Alles, was wir hören, ist Klang – ob daraus im besten Falle ein sinnlich-musikalisches Abenteuer entsteht, liegt vor allem an uns Hörenden selbst. Wir haben es sozusagen im Ohr, wie wir uns auf die Klänge und akustischen Signale einlassen, die uns im Alltag wie im Konzertsaal begegnen. Für einen Geräuschesammler wie mich können Musikstücke überall entstehen, ob durch Zufall oder geplant; auch ein einfaches Naturereignis kann zum überwältigenden Konzert werden. Es liegt letztlich an der Perspektive des Betrachtenden, wie diese Wirklichkeit, der man sich gegenübersieht, wahrgenommen wird.

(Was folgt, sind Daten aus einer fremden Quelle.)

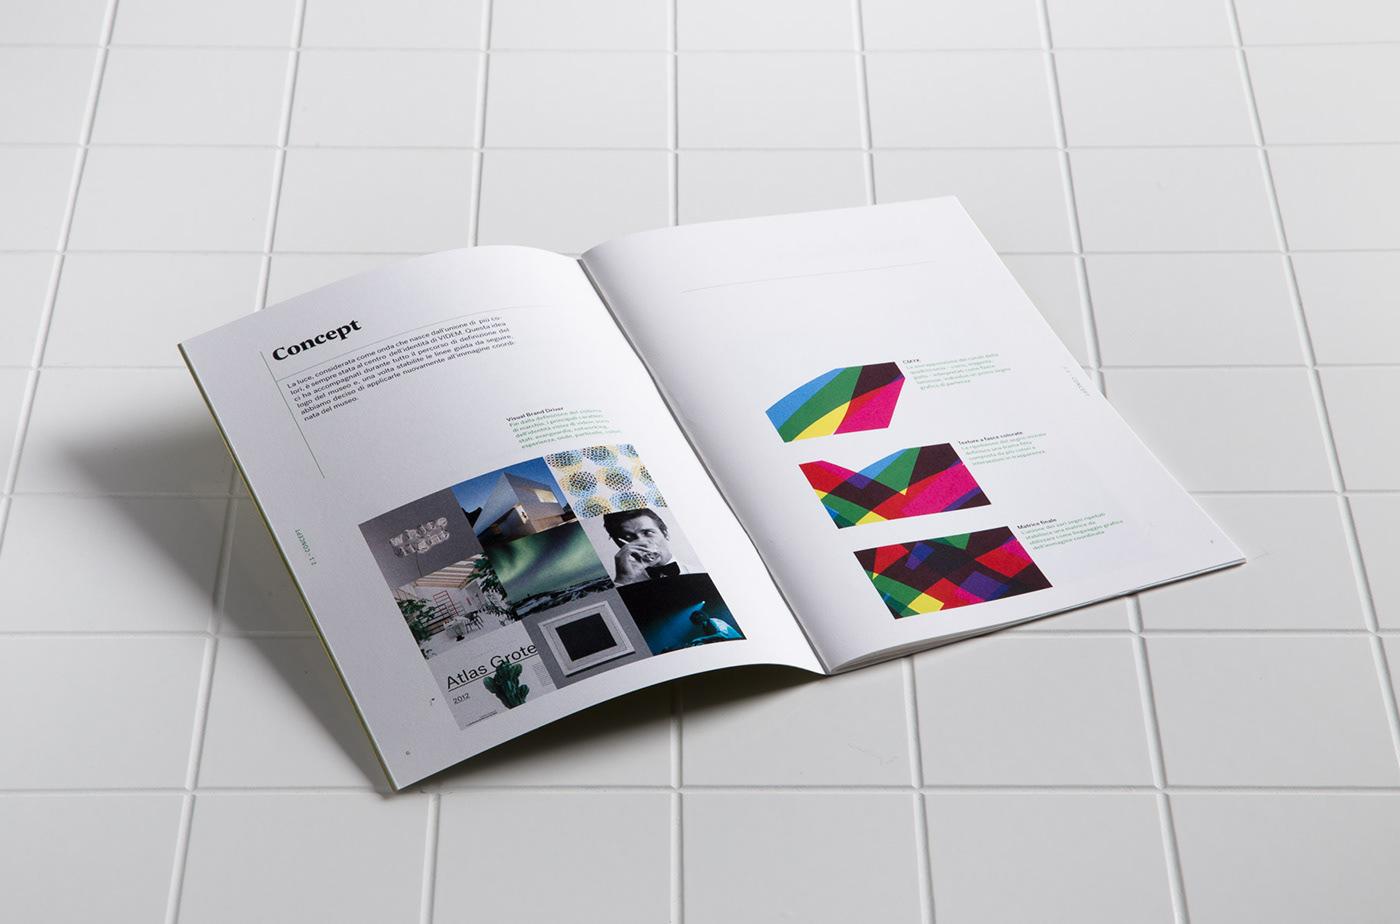 brand manual book visual identity colors tiles graphic design museum

Wir lernen Lesen, Schreiben, Sprechen – aber Hören und Sehen scheinen Automatismen zu sein, die einfach irgendwie funktionieren und wir verlassen uns darauf, die Welt hauptsächlich über diese beiden Sinne wahrzunehmen. Dabei ist insbesondere Hören für mich ebenso eine Kulturtechnik, die man lernen und üben kann. So verändert sich das schlichte Hören zum Zu-Hören, oder besser: Hin-Hören.
Als kreativer Entdeckungsvorgang ist es bereits Teil des musikalischen Prozesses – und wir sind mittendrin. Jedes Konzert ist ein Angebot an unsere geschärften Sinne, an Ohr, Auge, Nase, Haut oder Herz. Es ist der Aufbruch zu einer Abenteuerreise, die uns beglückende Möglichkeiten bietet, unsere akustische Welt immer wieder neu und anders zu erfahren.
Musik kann alles sein: kunterbunt, schwerelos, pulsierend, taumelnd, lasziv, nahbar, selbstredend oder abenteuerlich … Nur eines ist sie nie: ein unbewegliches, anbetungswürdiges, museales Ausstellungsstück, das von Zeit zu Zeit abgestaubt wird, um uns an den einstigen Glanz zu erinnern.
Sie ist in stetiger Veränderung, entsteht immer im Moment, egal ob improvisiert oder komponiert, egal in welchem Jahrhundert erfunden, egal ob ausgetüftelt oder dem Zufall überlassen – sie befindet sich in einem unendlichen Prozess der Verwandlung und ist somit ein immer neuer, lebendiger Organismus. Sie entsteht in der Zeit, die wir ihr schenken, um sie wahrzunehmen.
Mein Wunsch also: Nehmen wir sie uns, diese Zeit – seien wir präsent und offen für ein Erlebnis!